Here's to students who are still allowed to be told that certain things are right and that other things are wrong... who understand what cheating is... who are excited about learning and want to expand their knowledge... whose teacher knows if they know the answer or not...

Is homeschooling "old-fashioned"? You betcha: the students don't use cell phones (or anything else) to cheat on their tests. They actually just learn the stuff. What a novel idea.

Thursday, July 9, 2009

How Firmly They've Been Nailed

John Piper today, on Twitter:

DEALING WITH YOUR SIN: Don't minimize how many times you've failed. But magnify how firmly they've been nailed (Col. 2:14).
updates

The Ignominy of Bikini Shopping with Your 8-Year-Old Daughter

I have a friend whose name is "Nasty." Not really, of course, but that's what everyone calls her. Everyone. Her real name is Helen, but years ago a young nephew laughingly decided to call his Aunt Helen - who was gardening and elbow-deep in dirt and mud at the time - "Aunt Dirty." That stuck, but just with family... until one unfortunate day at a party when some other friend asked, "What is it your nephew calls you? Aunt Nasty?" And that was that. She's been Nasty ever since. To everyone.

At least that's the way it was told to me when I met her some three decades ago at the age of twelve. She was an older lady (who isn't, when you're twelve?!) who lived near the bayfront condominium that my father's company kept for hosting visiting executives. When it wasn't in use, it was available for us to sit, oceanside, on the outside deck. We used it often. We met the neighbors, who became our friends. Aunt Nasty and her husband Chuck were among them.

Aunt Nasty lived at the beach. I mean that literally and figuratively, as she was actually out in the sun and surf just about daily. She was tanned to a deep golden brown year-round, and she always wore a bikini.

She has to be into her seventies by now. And though she and her husband have moved from that bayside condominium to a nearby oceanfront retirement community, Nasty still lives at the beach. Literally and figuratively. And she still wears a bikini.

What does all this have to do with The Ignominy of Bikini Shopping with Your 8-Year-Old Daughter? Everything. Because yesterday I went bikini shopping with my sweet EL.

This was not bikini shopping for her, mind you, but for me.

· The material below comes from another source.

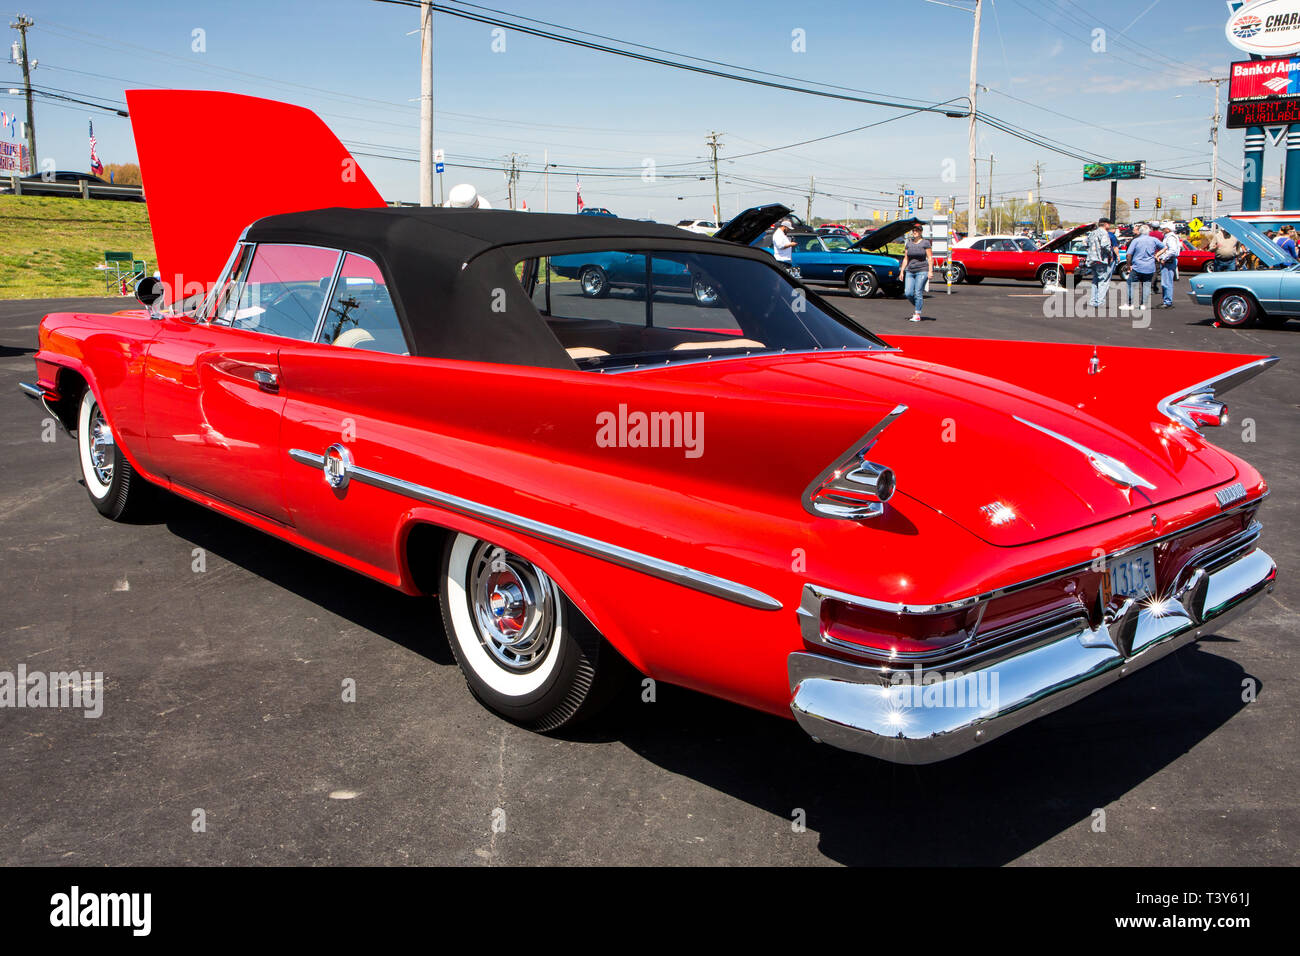 CONCORD, NC (USA) - April 6, 2019:  A 1961 Chrysler 300 G automobile on display at the Pennzoil AutoFair Classic Car Show at Charlotte Motor Speedway. Stock Photo

I have a secret stash of inexpensive bikinis that I wear only in the privacy of my own family... at Grampa's backyard pool when no guests are present, or at the beach when we are clustered as a family unit of private little beach chairs. Why? I've posted about this issue before (modesty and bikinis and why I wear one anyway), but I'll say it again here in the words of Nasty's husband, Chuck: "Since Helen wears a bikini, all the good parts glow in the dark."

So yesterday, I was picking up a couple of things at WalMart with my daughter EL, and we found a clearance rack of bikini separates. The price was right, so we decided to see if we could find any in my size. (You never know what is your size until you try them on, by the way, but I started at "extra large," at least with the bottoms! They were bikinis, after all... usually only skinny people wear them.)

Trying on bathing suits is never a fun thing, but trying on bikinis at 42, after giving birth four times, is downright depressing. The only way to lighten things up and turn them fun? Cram yourself into a fitting room with your 8-year old daughter while you do it...

EL, casually: "I don't want to be extra large when I grow up."
me: "Well, nobody wants to be extra large. You don't really choose to become extra large."
EL: "Well, they eat less. And they exercise. That seems like 'choice things' to me."

Then, a bit later, rather timidly: "Not to be rude, Mom, but let's leave that one for someone else..." Apparently, there's bad, and then there's really bad...

Oh, the price you pay for glow-in-the-dark good spots!